--- Supplied material Enclosed Below ---
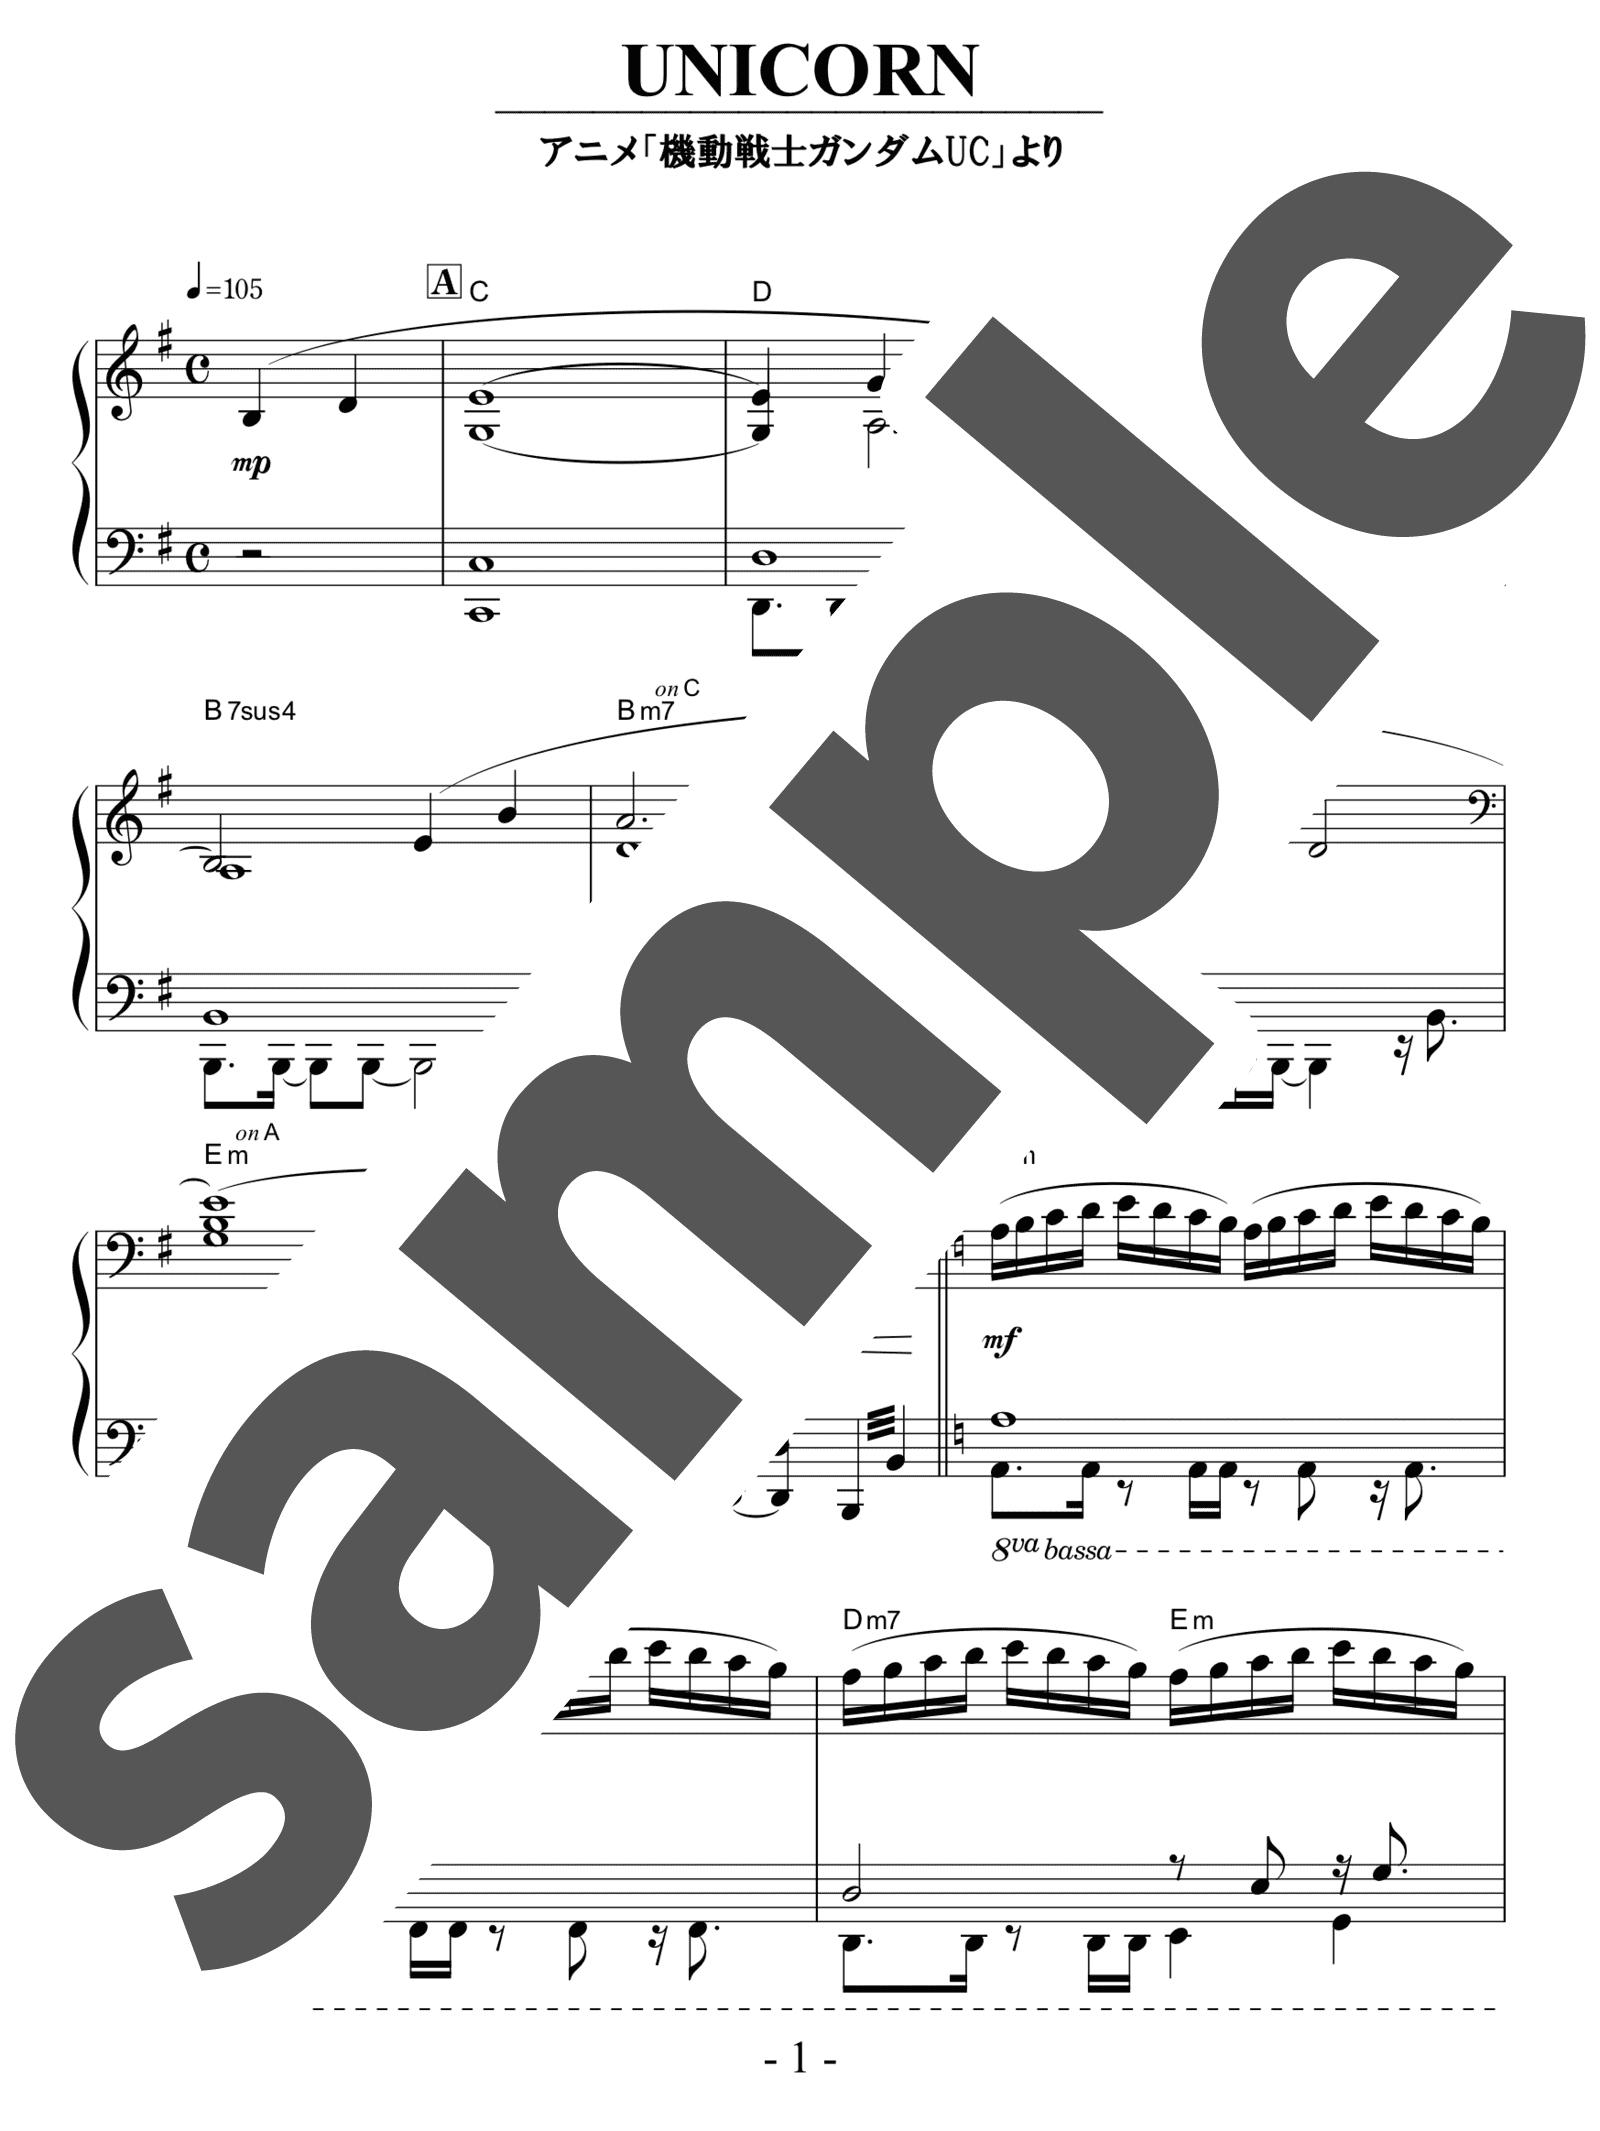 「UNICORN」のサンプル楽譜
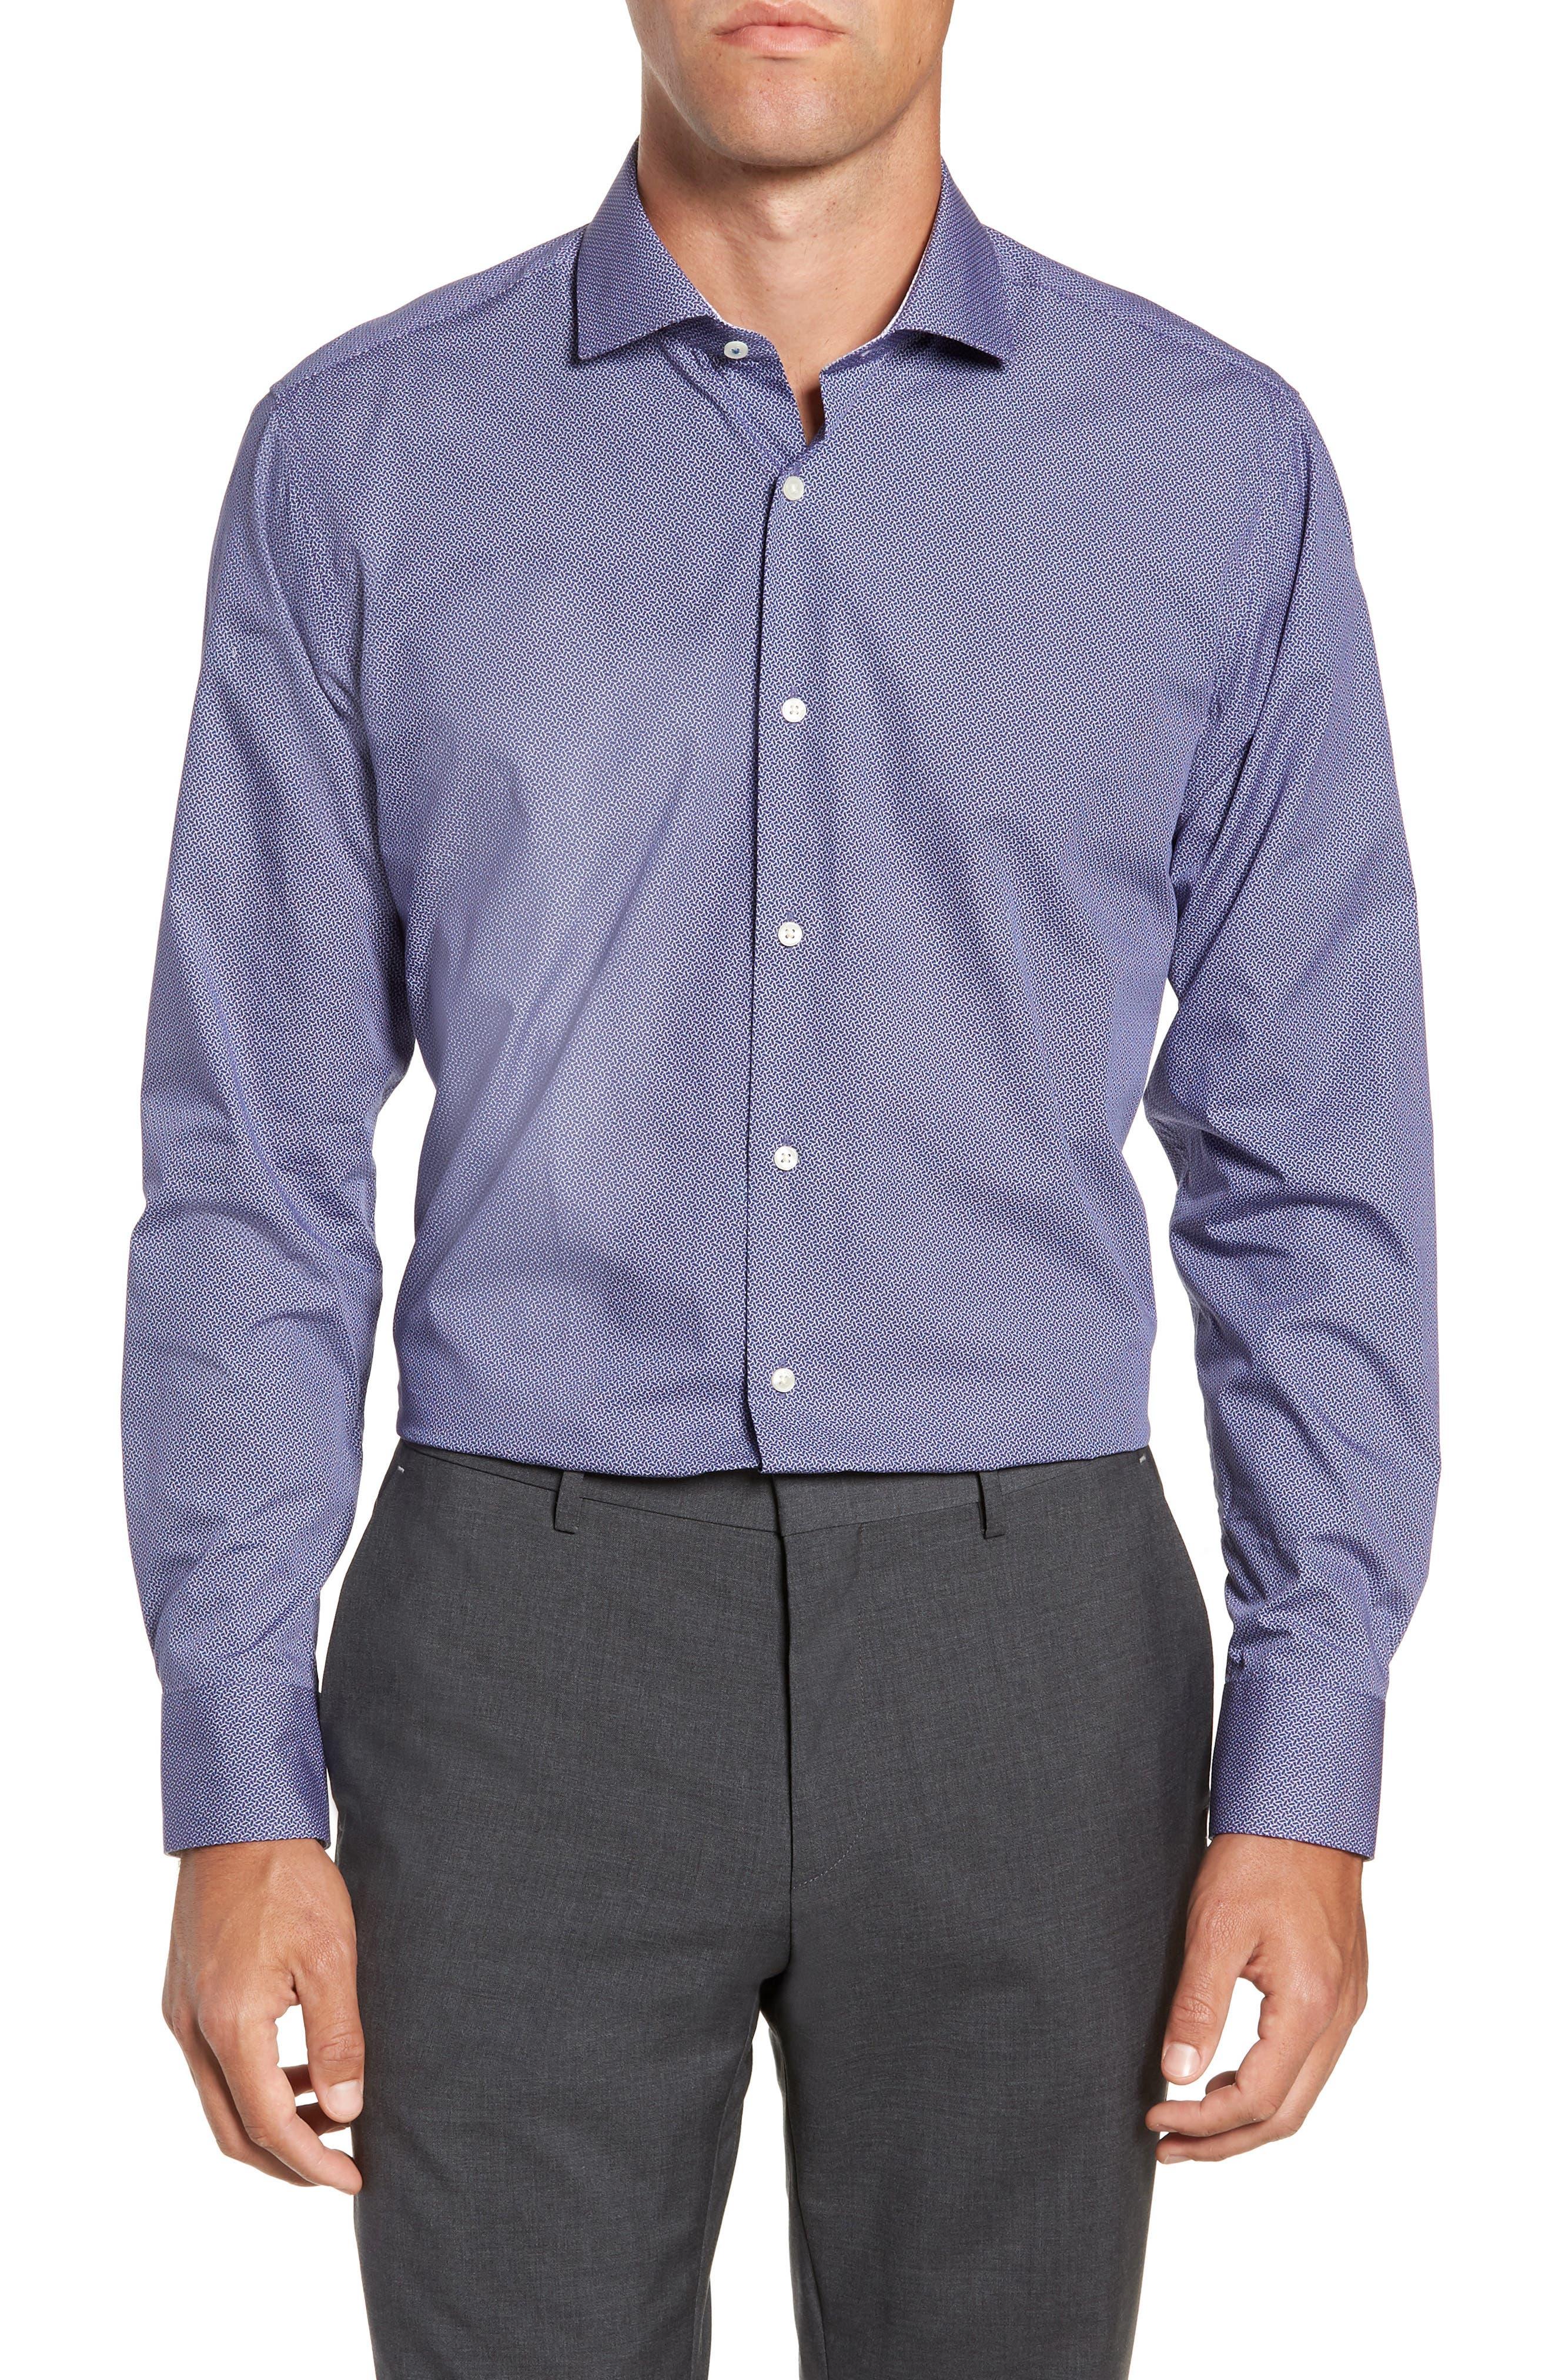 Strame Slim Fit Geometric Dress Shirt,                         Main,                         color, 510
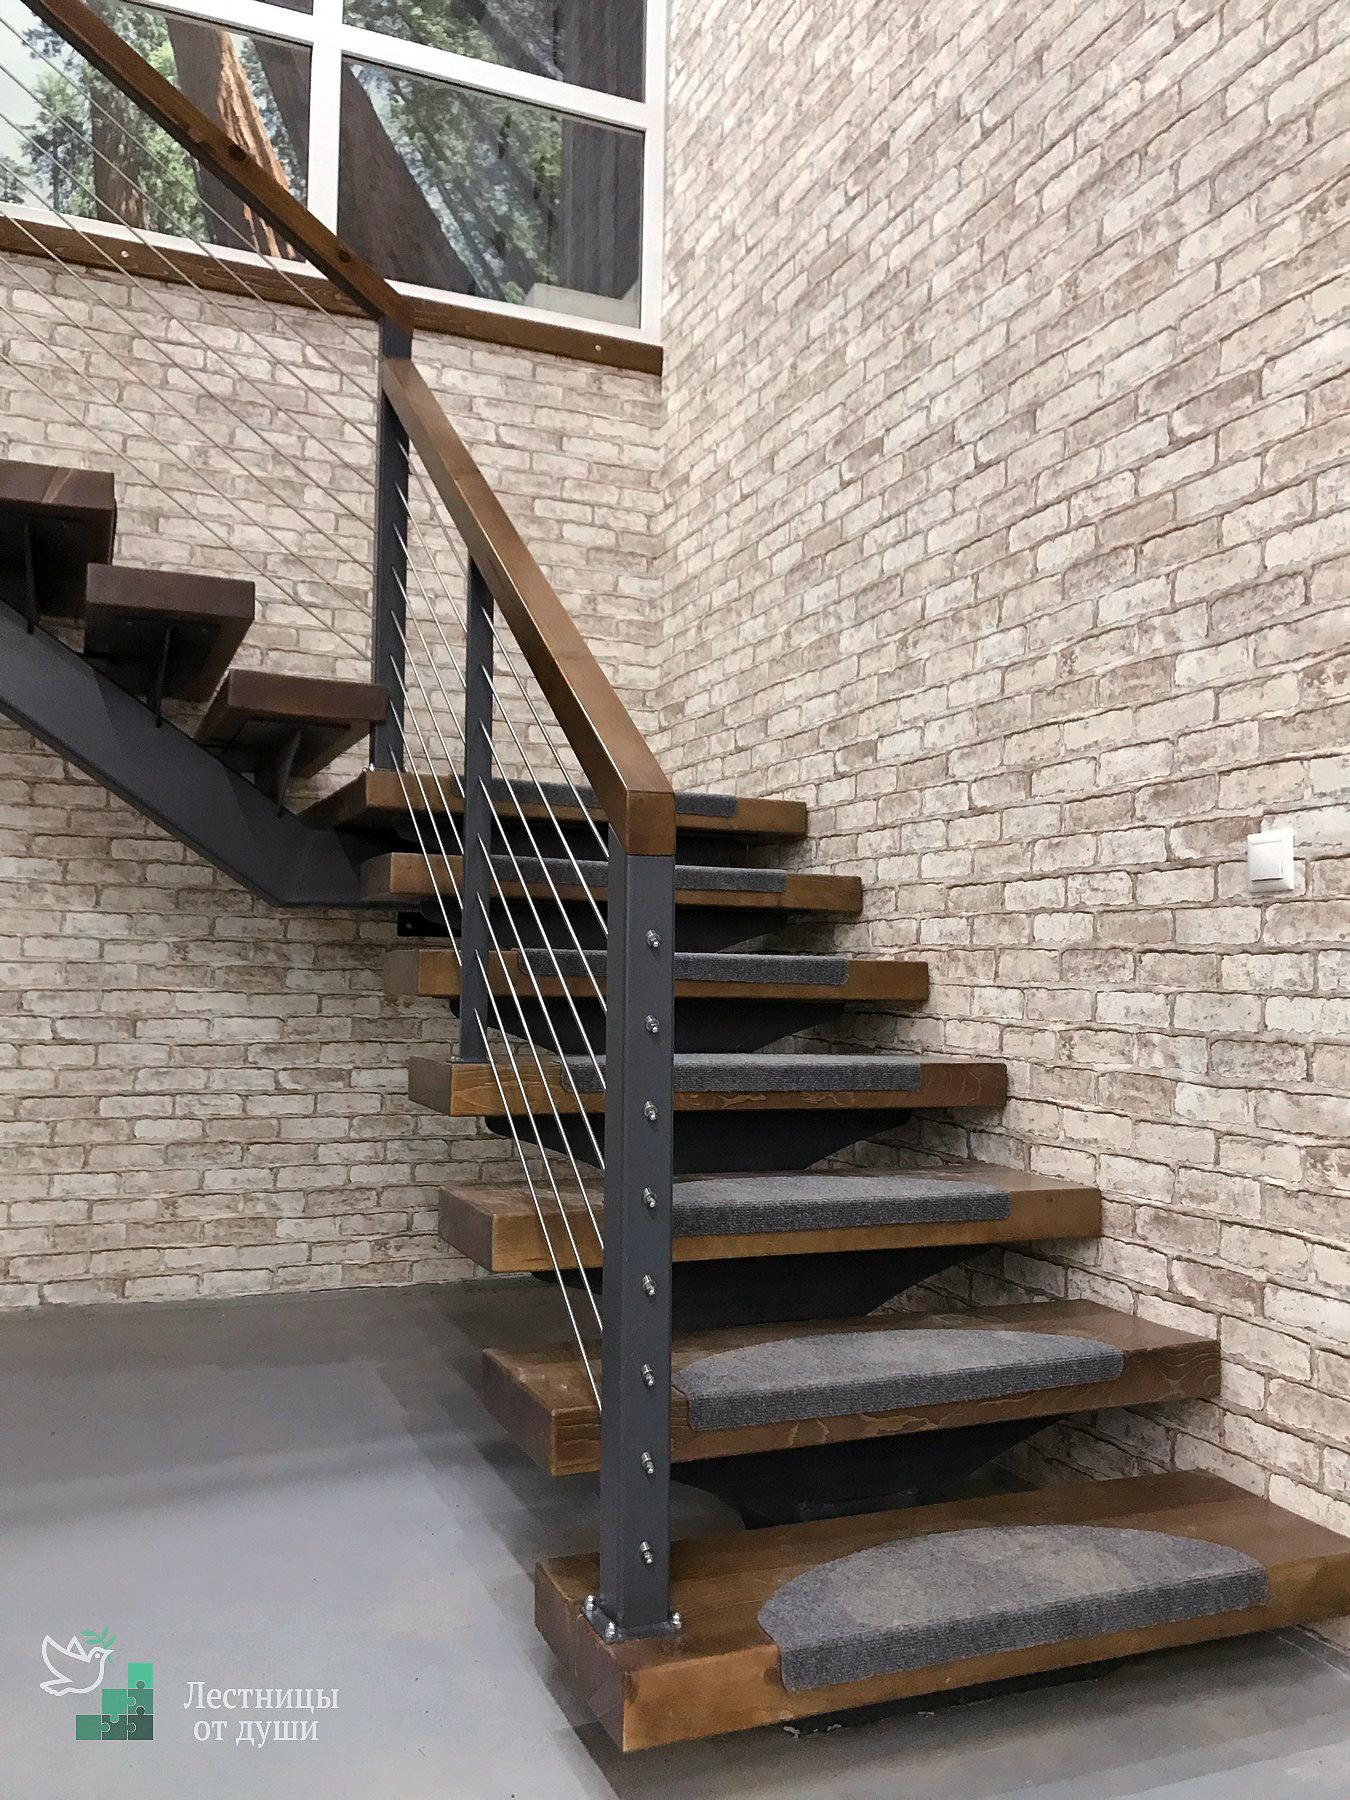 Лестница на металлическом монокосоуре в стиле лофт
--- End of Enclosed Supplied material ---
### What you need to do
Quote the data above in full and without alteration; skip the pictures.

### Task response
 「UNICORN」のサンプル楽譜
 Strame Slim Fit Geometric Dress Shirt,                         Main,                         color, 510
 Лестница на металлическом монокосоуре в стиле лофт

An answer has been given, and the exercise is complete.